目录
1.排序概述
2.WritableConparable排序案例实操
2.1需求
2.2 需求分析
2.3 数据准备
2.3代码实现
3.结果展示
1.排序概述
排序是Mapreduce中最重要的操作之一。无论是MapTask还是ReduceTask均会对数据按照key进行排序。该操作数据hadoop的默认行为。任何逻辑上的数据均会被排序,而不管业务逻辑上是否需要。那么如何根据业务需求,对数据进行排序呢?本文将基于下面这篇博文的基础上进行改进。
2.WritableConparable排序案例实操
2.1需求
情景展现:客户经理拿着需求跟你说,这份文件除了将电话按不同省份文件输出以外,每个文件内部还要按照总流量进行排序。也就是说输出的文件首先按照总流量排序,再按照上行流量的顺序排序。
2.2 需求分析
(1)确定map函数的输入输出<key,value>的类型。这里输入是<LongWritable Text> 因为要对总流量排序,而mapreduce只能对key进行排序,因此map输出的类型为<Flowbean,Text>
(2)确定reduce函数的输入输出<key,value>的类型。
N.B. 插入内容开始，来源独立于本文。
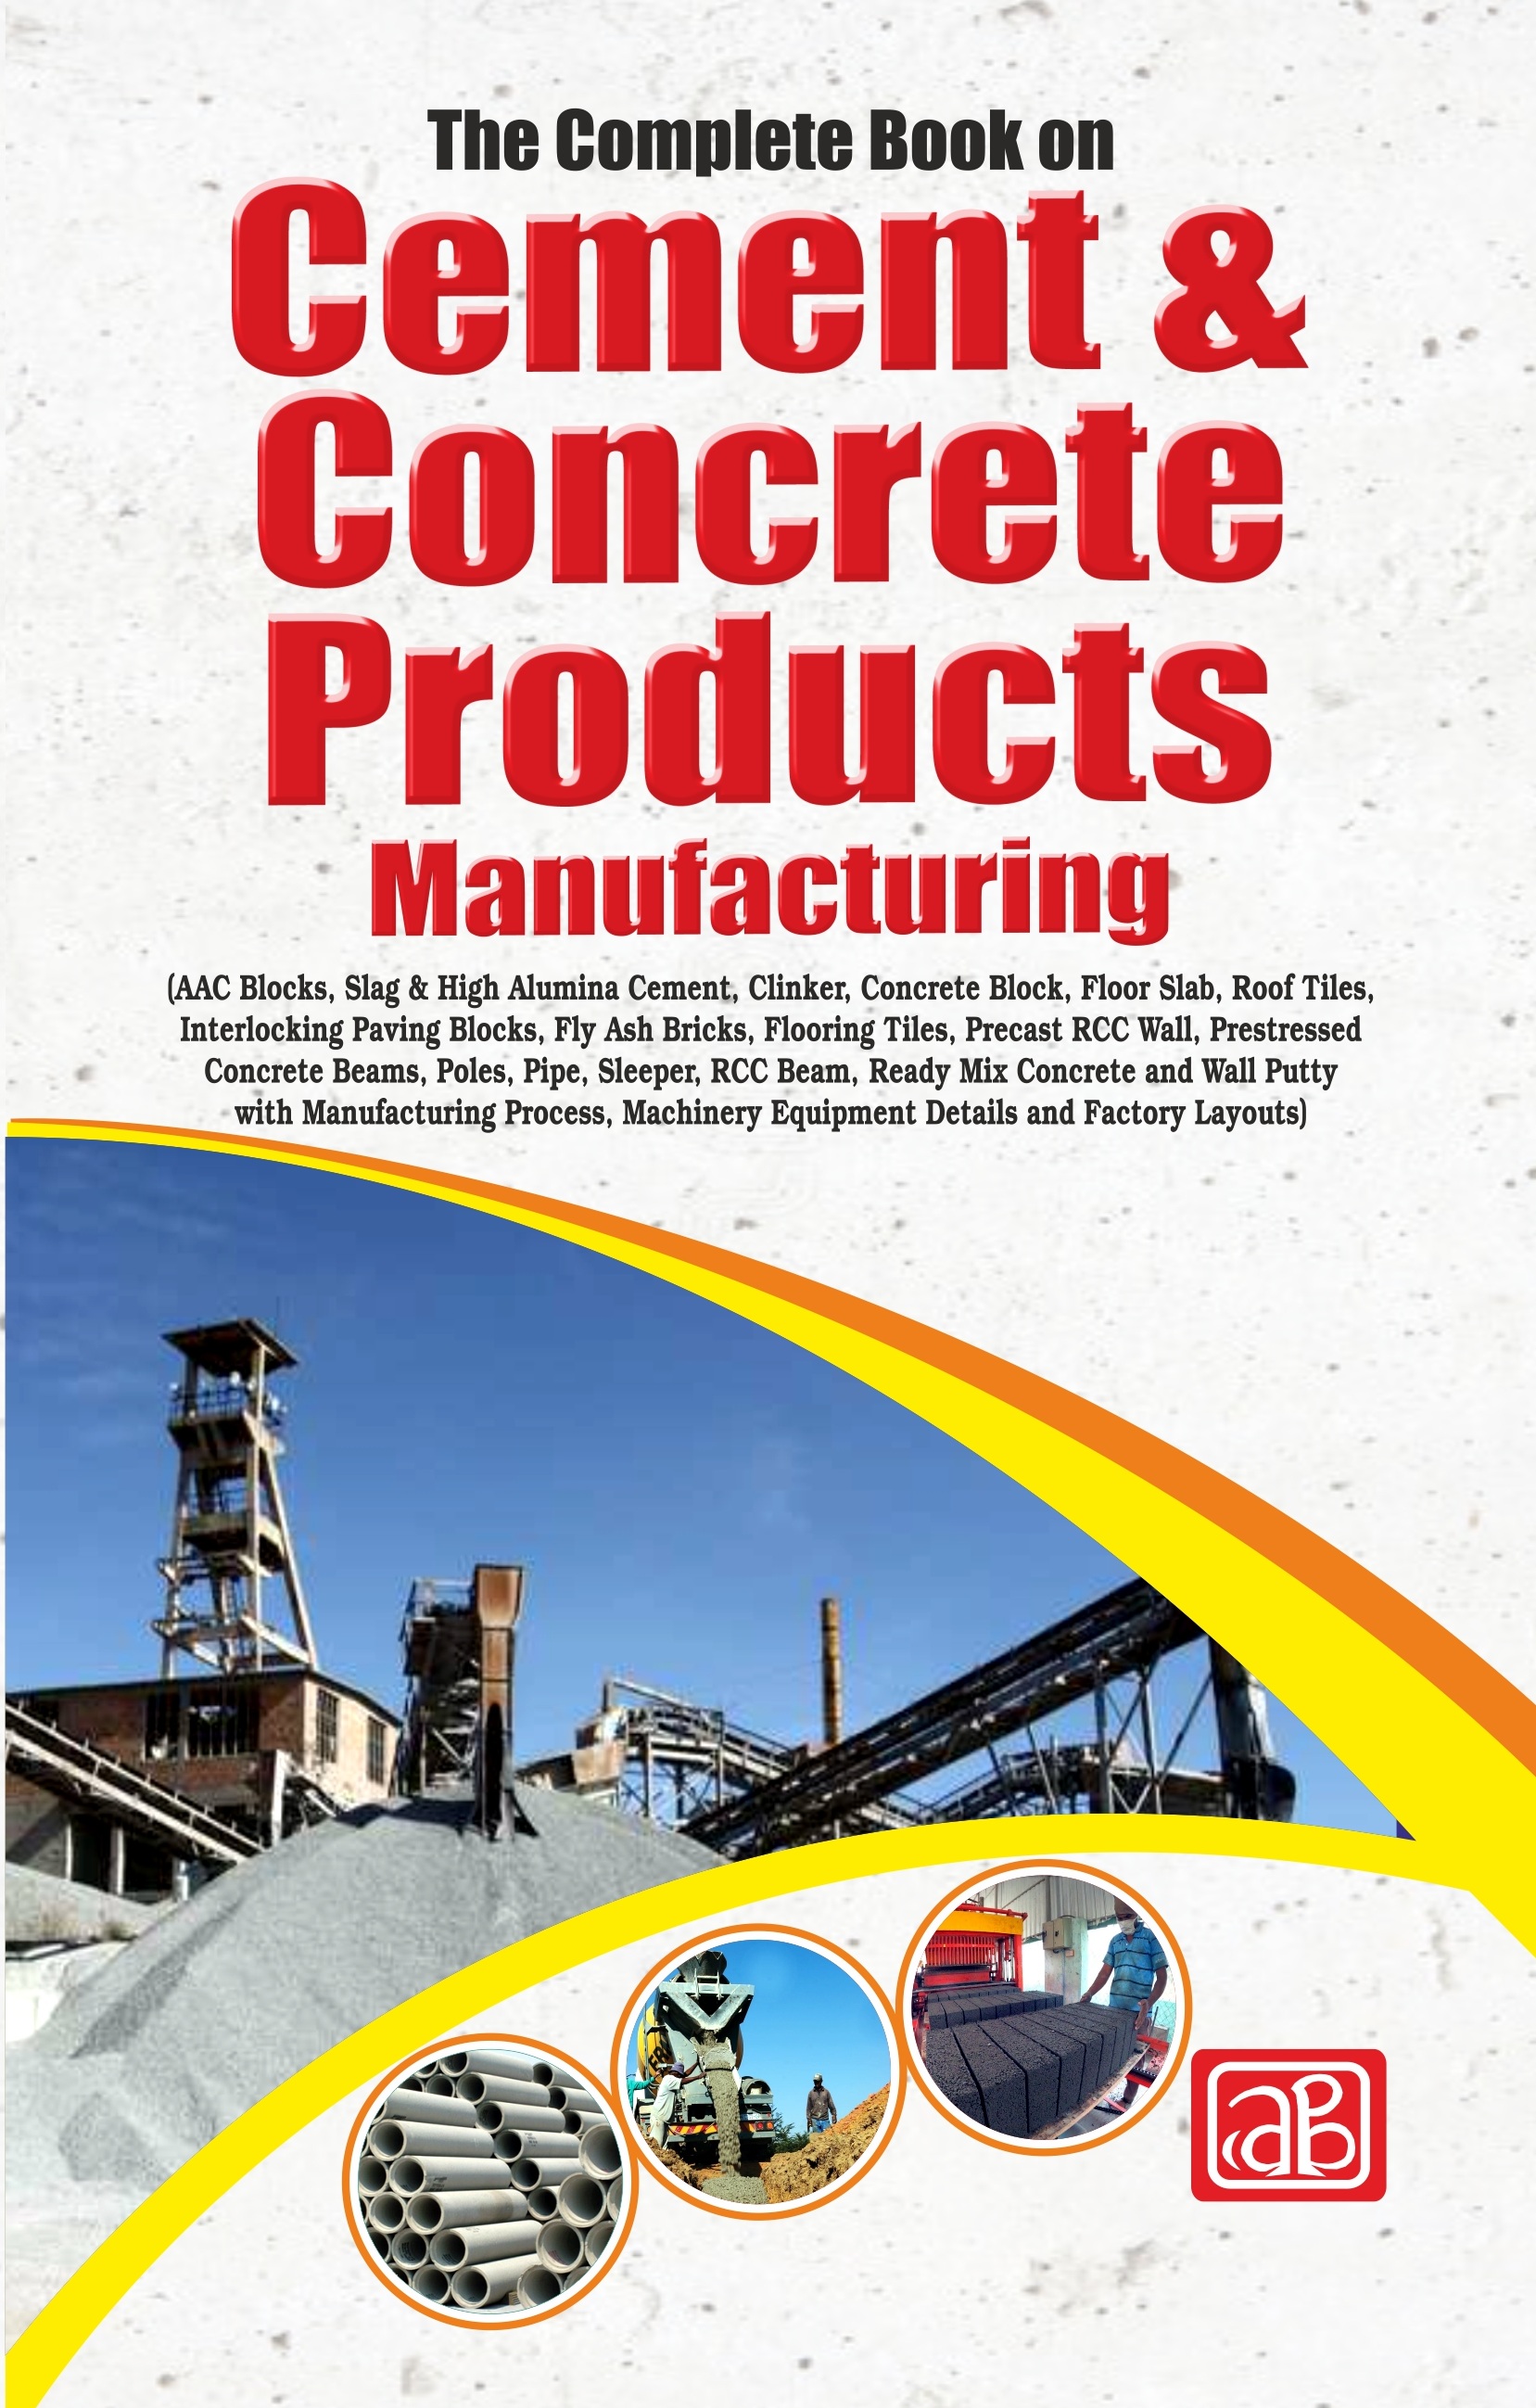 The Complete Book on Cement & Concrete Products Manufacturing (AAC Blocks, Slag & High Alumina Cement, Clinker, Concrete Block, Floor Slab, Roof Tiles, Interlocking Paving Blocks, Fly Ash Bricks, Flooring Tiles, Precast RCC Wall, Prestressed Concrete Beams, Poles, Pipe, Sleeper, RCC Beam, Ready Mix Concrete and Wall Putty with Manufacturing Process, Machinery Equipment Details and Factory Layouts)

map的输出为reduce的输入,因此reduce的输入类型<Flowbean,Text> 输出<Text,Flowbean>
(3)因为要分区,因此需要自定义分区函数继承Partition类实现getPatition()方法。分区是在map开始之后做的,因此这里的输入数据类型为map的输出数据类型<Flowbean,Text>
(4)因为要实现自定义排序,而排序的内容是Flowbean对象中的总流量,因此定义Flowbean类需要继承WritableComparable重写compareTo()方法、重写toString()方法、做序列化。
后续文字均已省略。